*Task to carry out*
Would you reproduce exactly, and only, the lines starting at the one with "Roof Safety Solutions - Slide 1" and ending at the last line of the data, with both included? Leave the pictures out.

*Task inputs*
▼
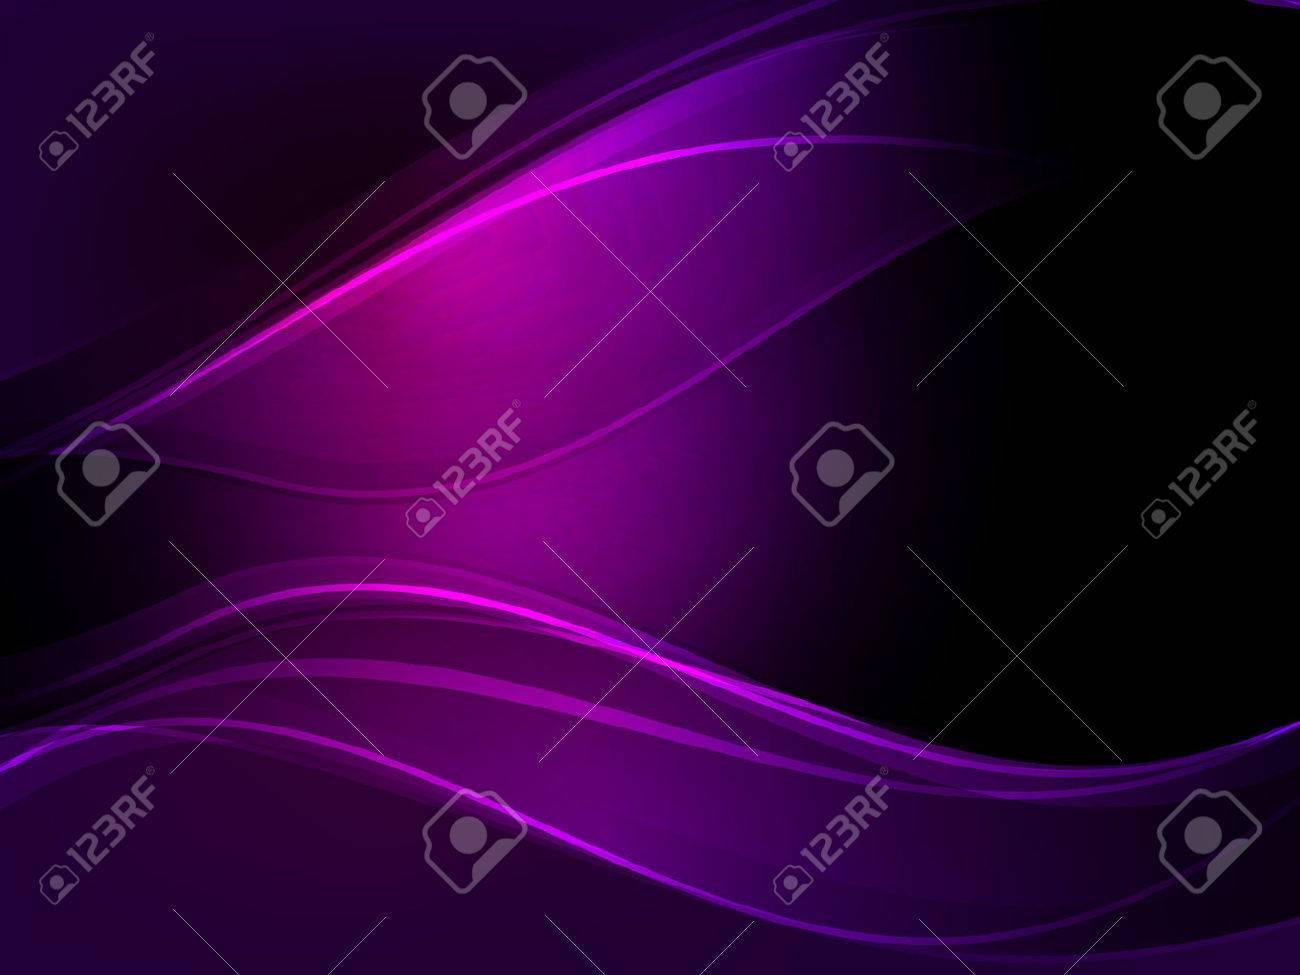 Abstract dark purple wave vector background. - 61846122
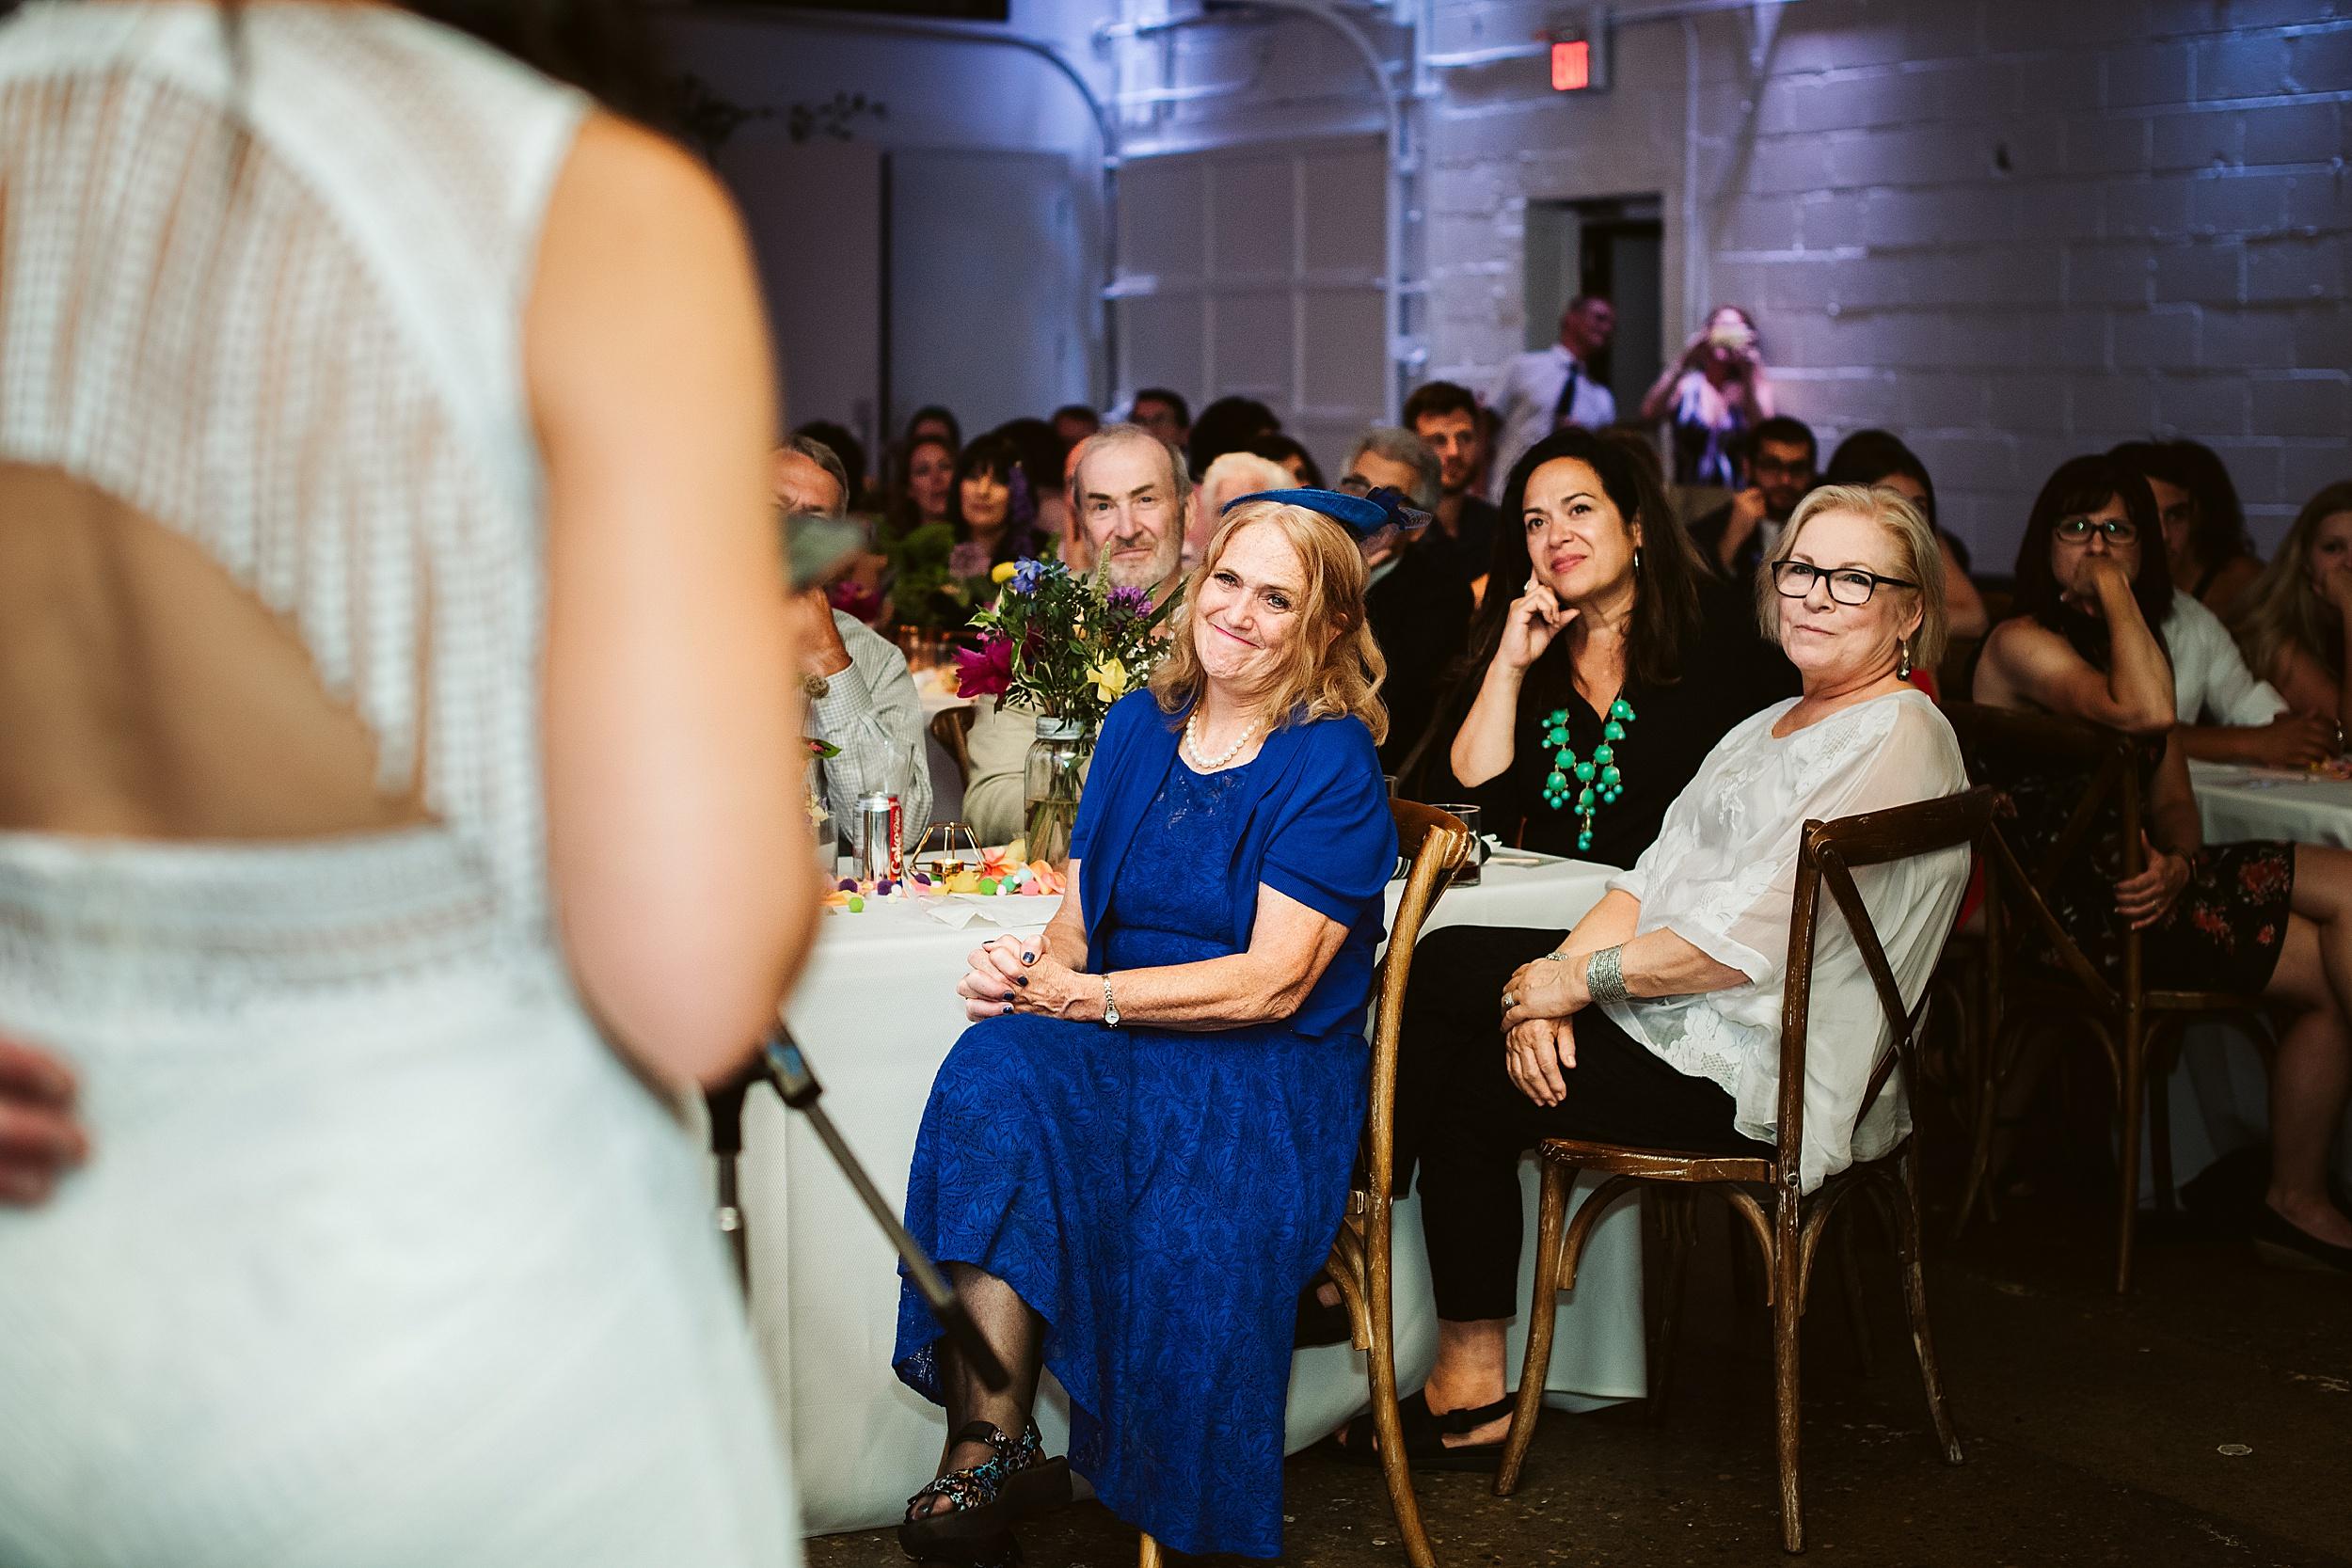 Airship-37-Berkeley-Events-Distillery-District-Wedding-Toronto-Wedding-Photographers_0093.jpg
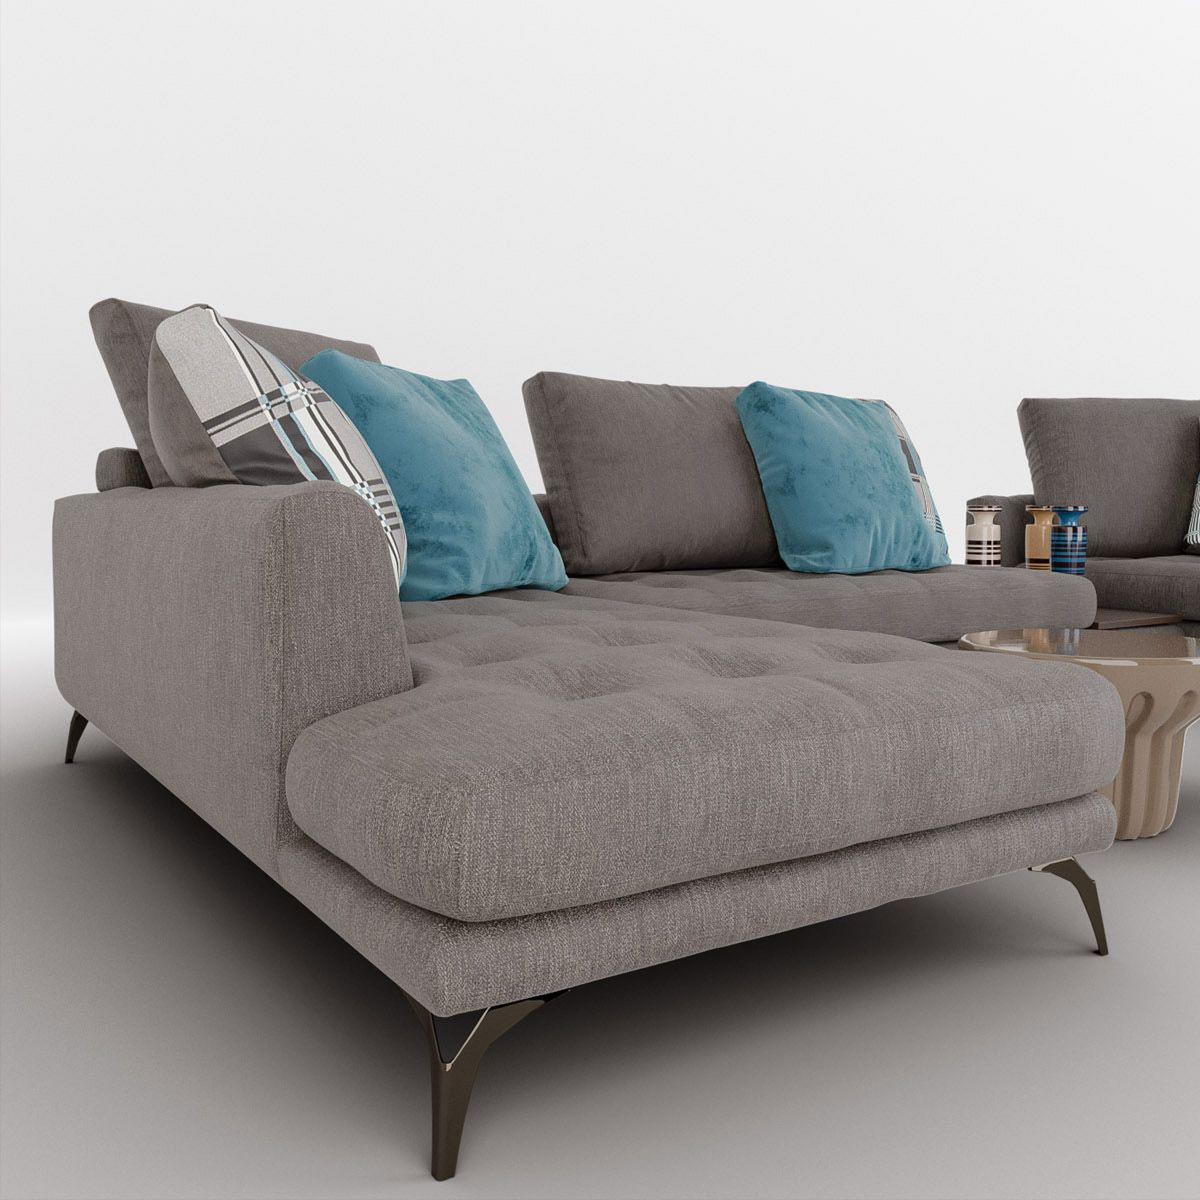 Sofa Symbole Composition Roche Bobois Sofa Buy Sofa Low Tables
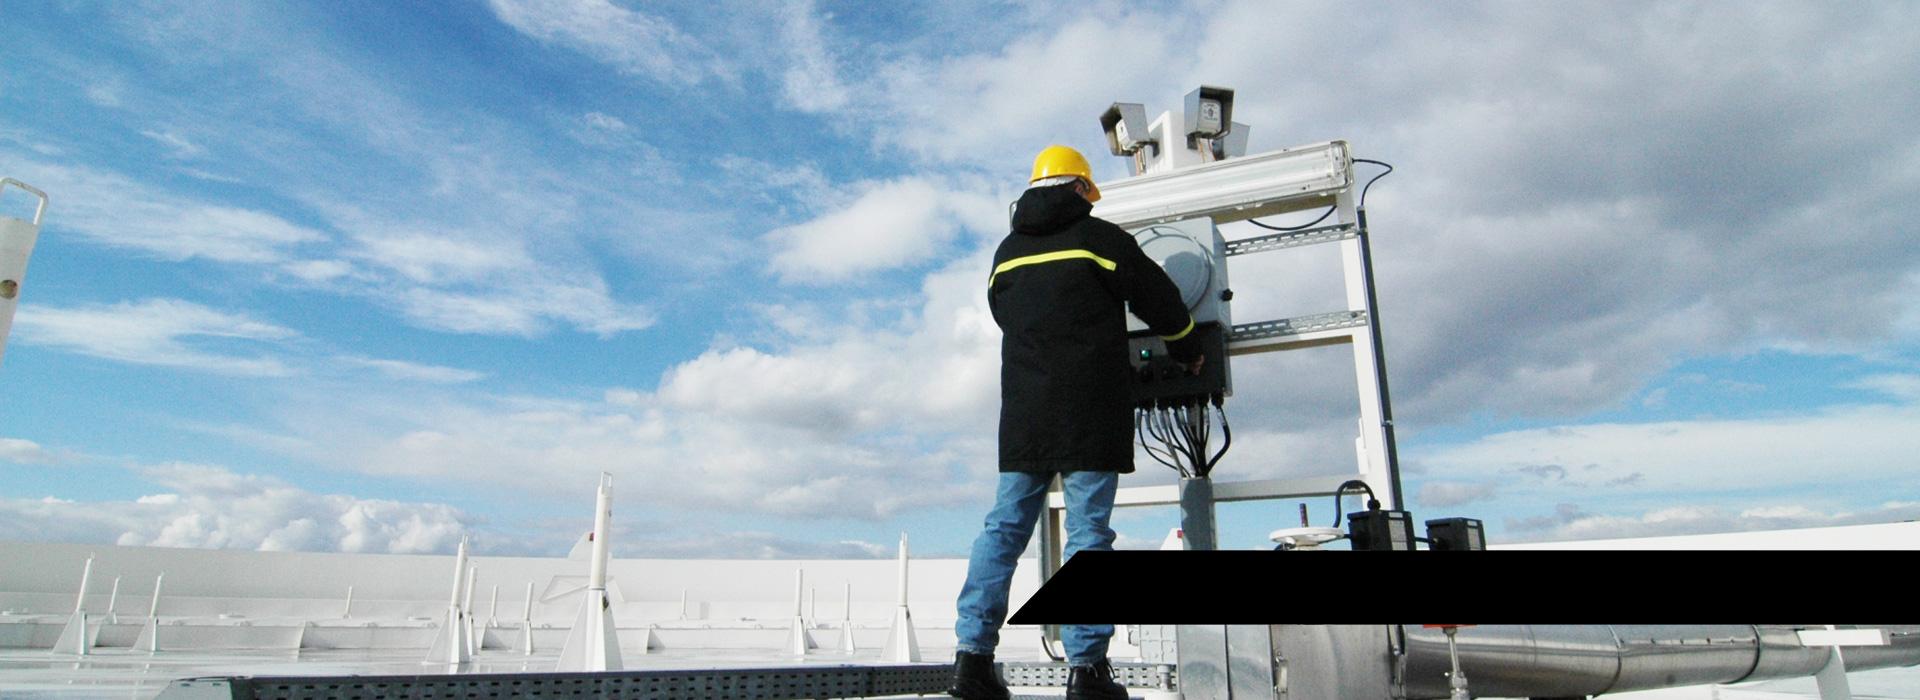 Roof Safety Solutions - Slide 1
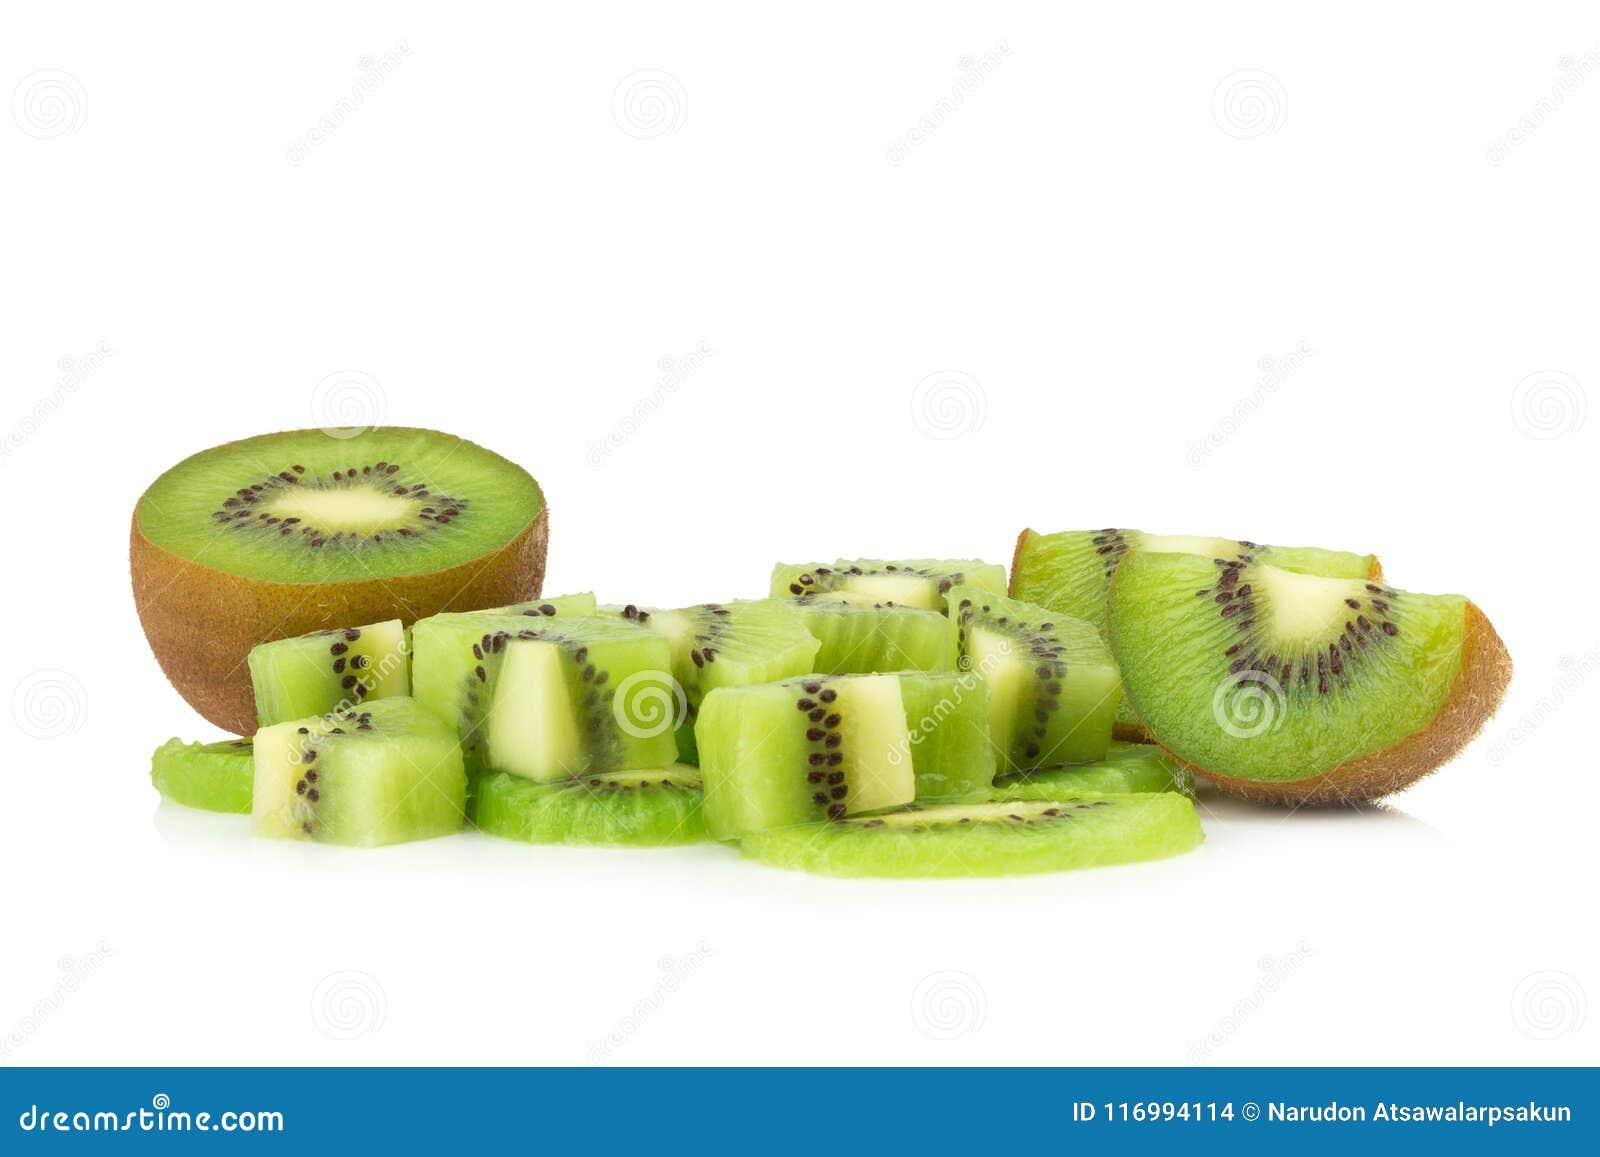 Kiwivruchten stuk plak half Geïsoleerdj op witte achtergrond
▲
*Exercise answer*
 Roof Safety Solutions - Slide 1
 Kiwivruchten stuk plak half Geïsoleerdj op witte achtergrond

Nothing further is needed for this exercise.